_TASK DESCRIPTION_
Leave the images aside and copy out the whole listing, exact to the word.

_SUPPLIED MATERIAL_
——

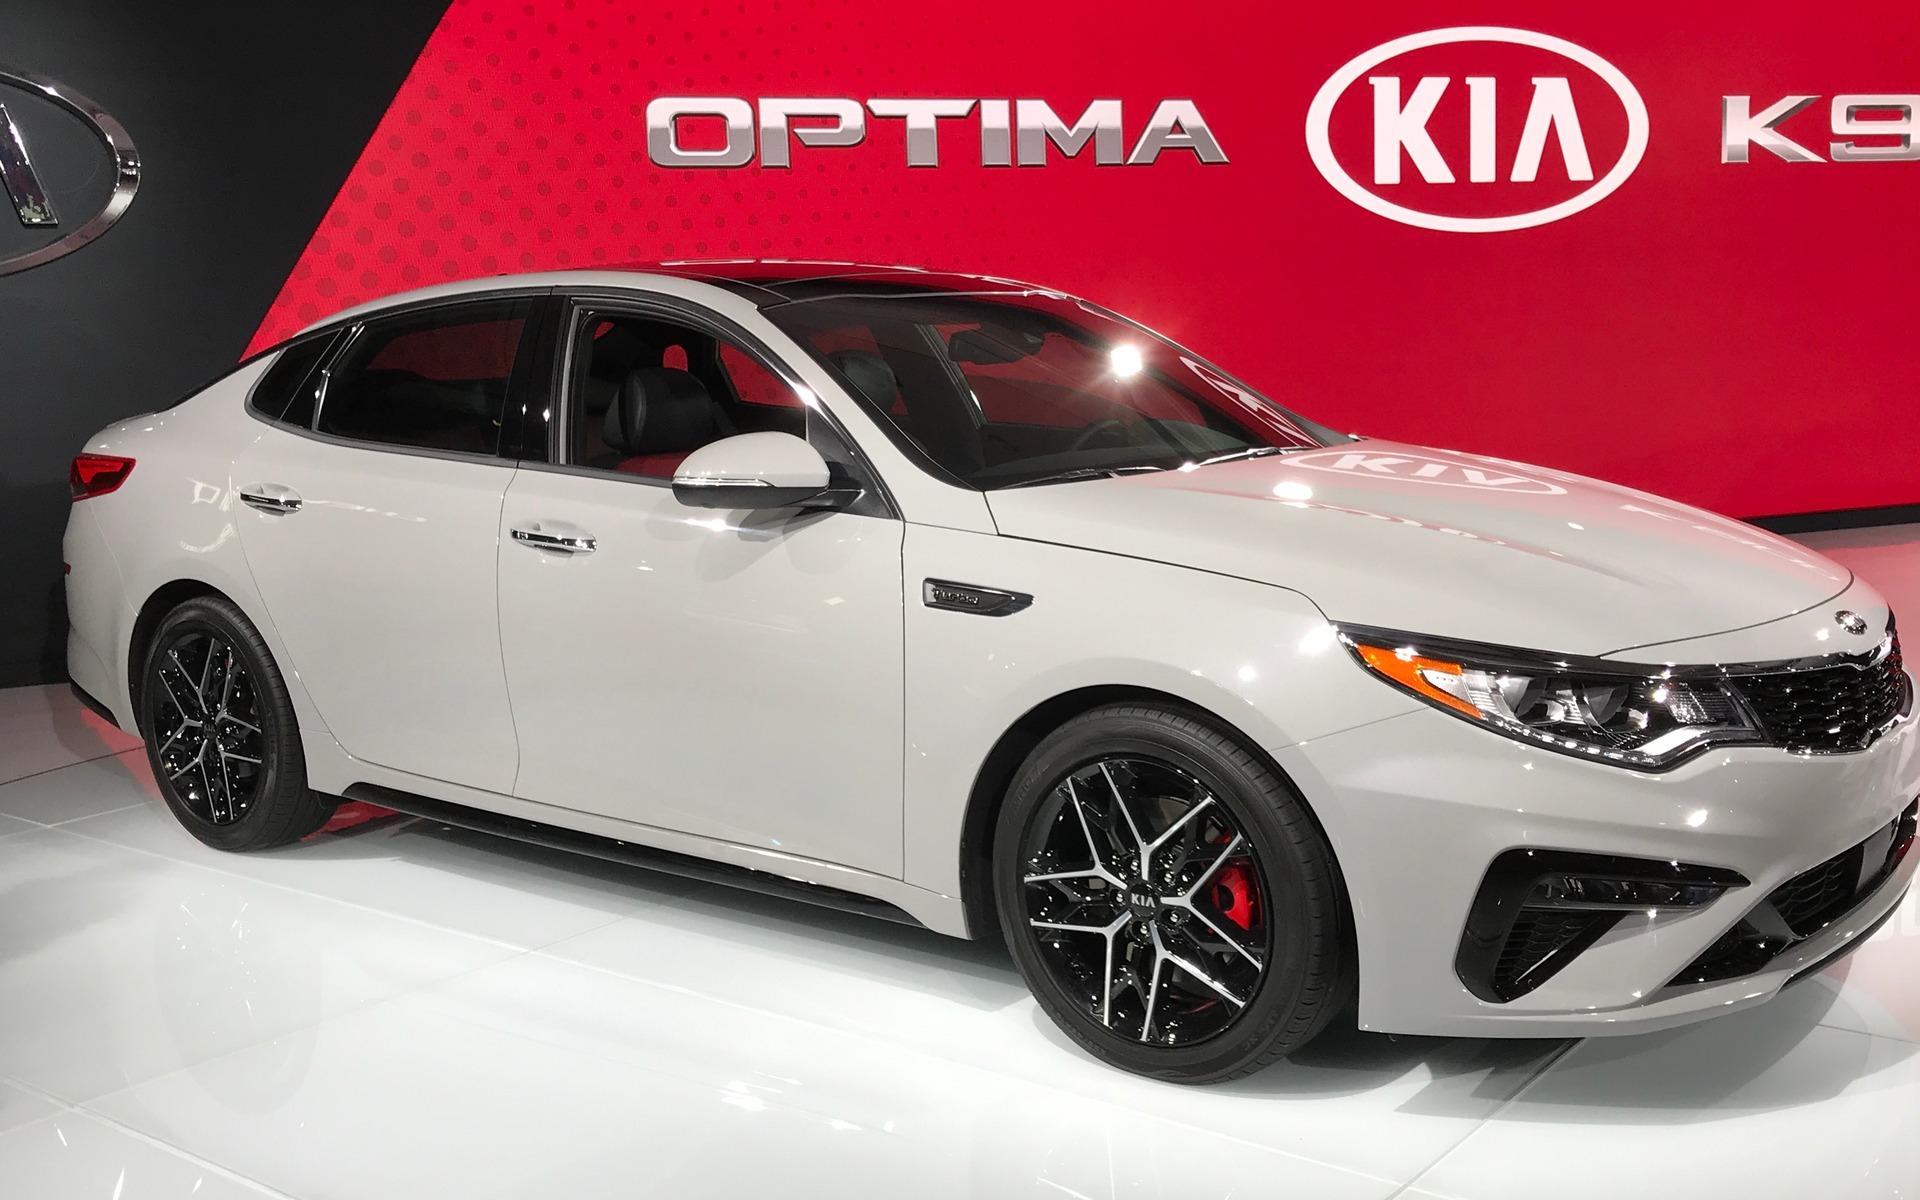 La toute nouvelle Kia Optima 2019
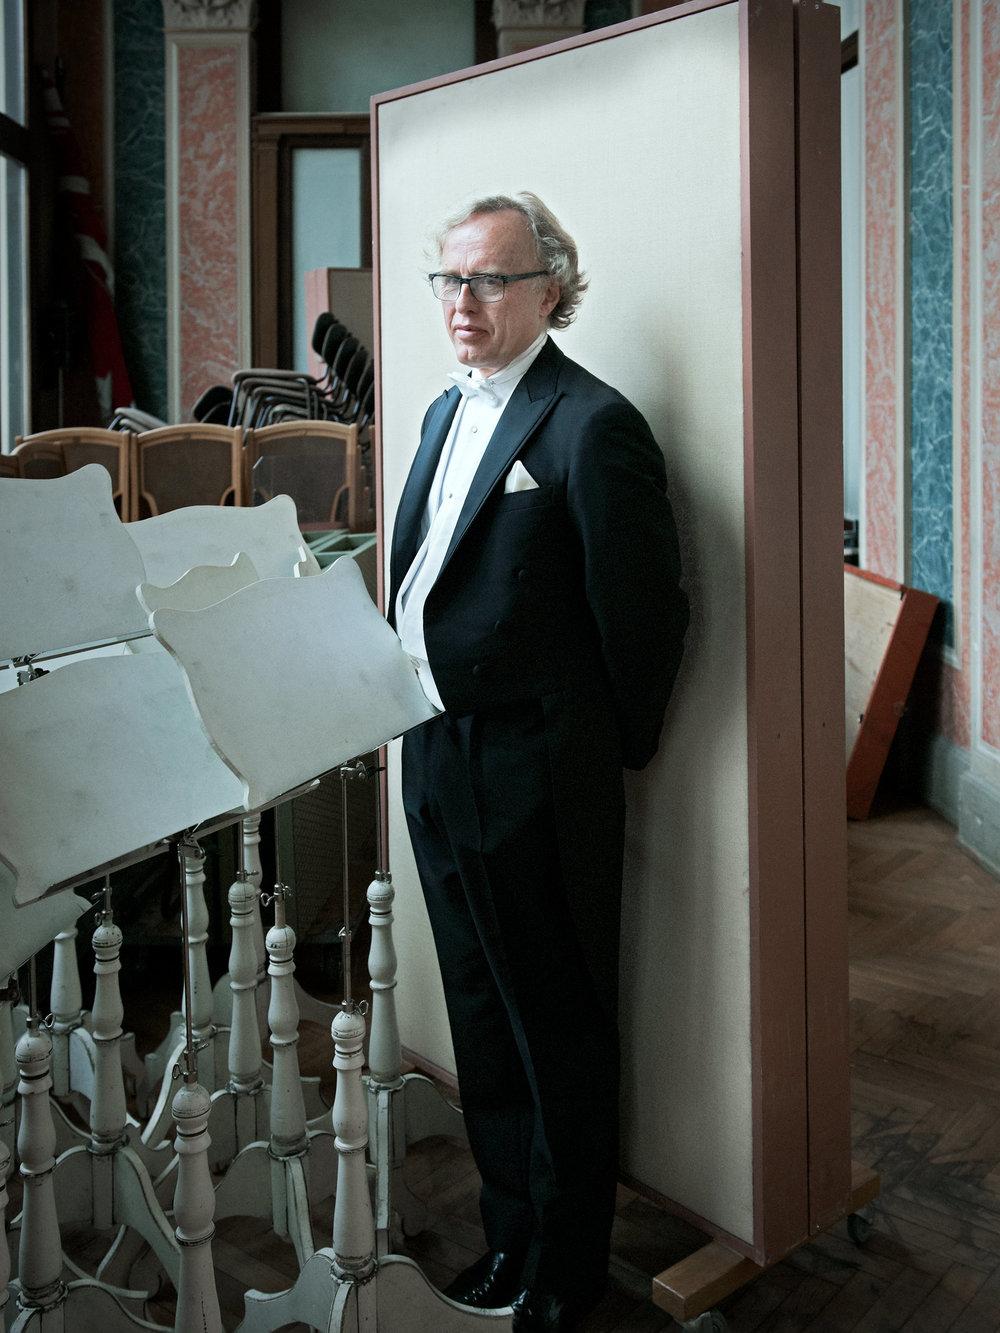 Martin Haselboeck
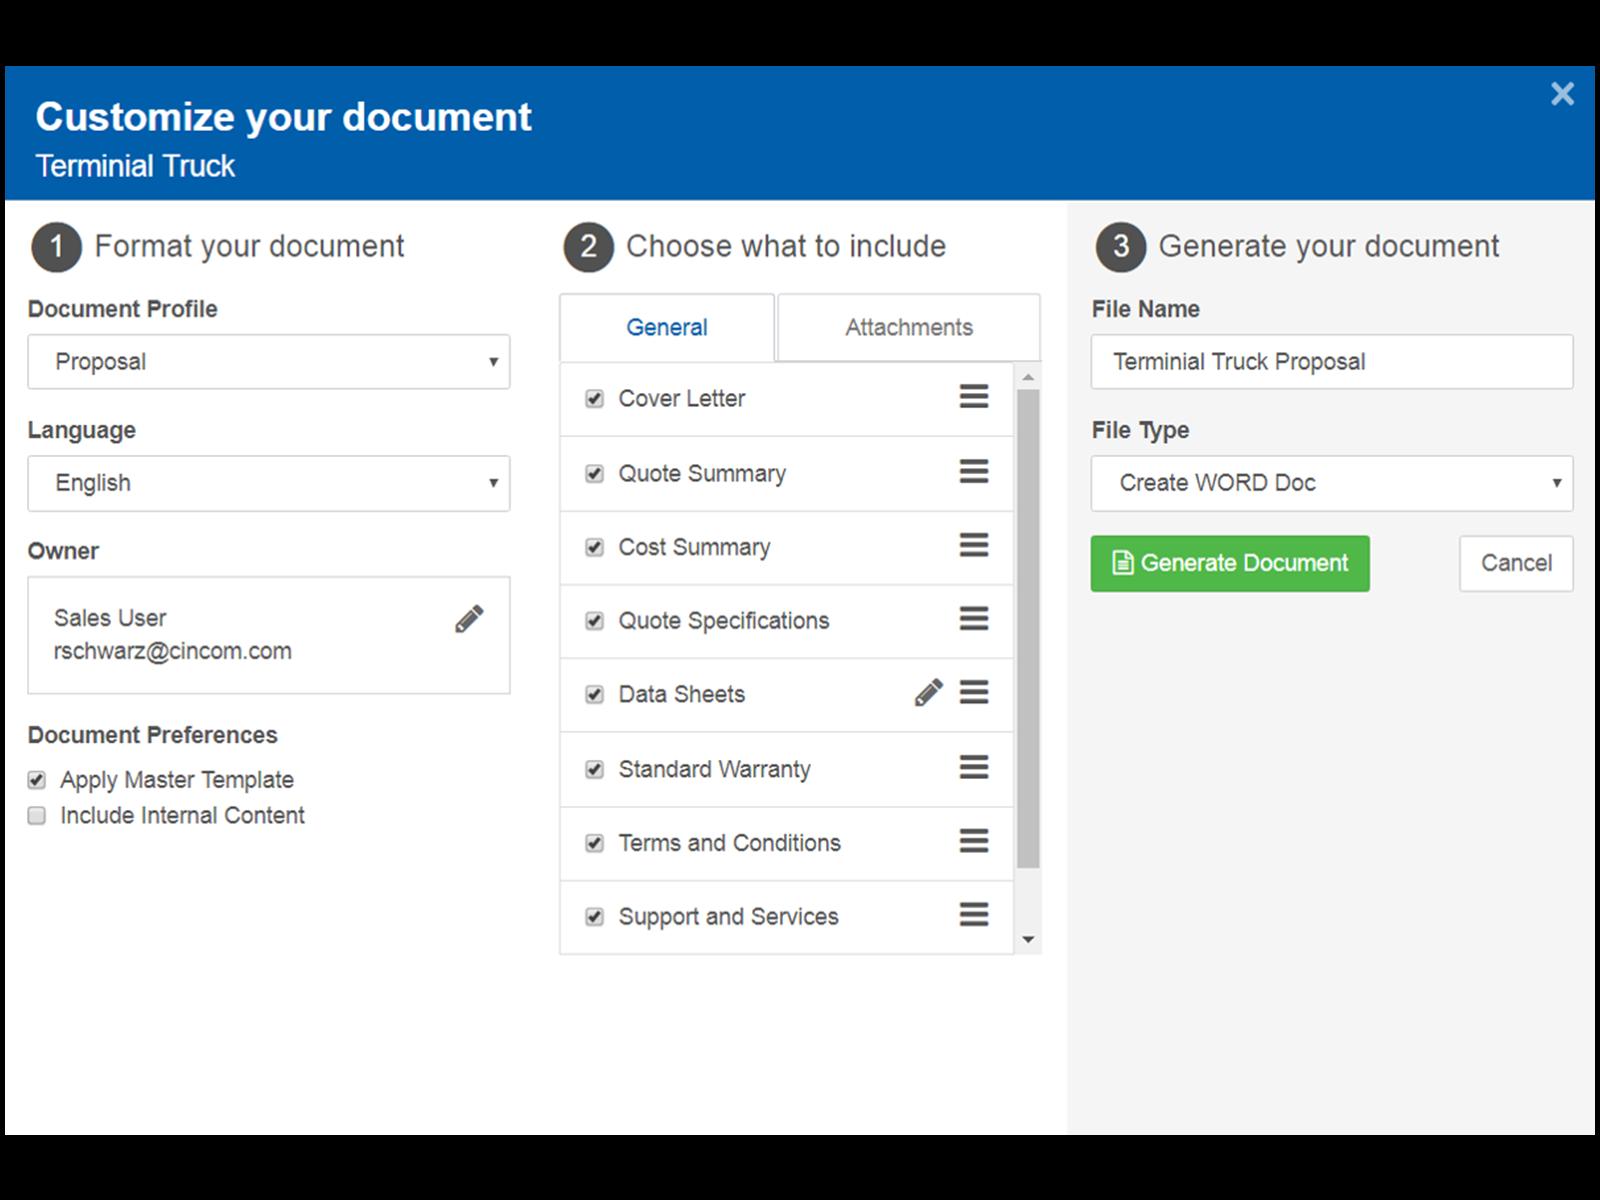 Customize documents

——

_EXERCISE ANSWER_
 La toute nouvelle Kia Optima 2019
 Martin Haselboeck
 Customize documents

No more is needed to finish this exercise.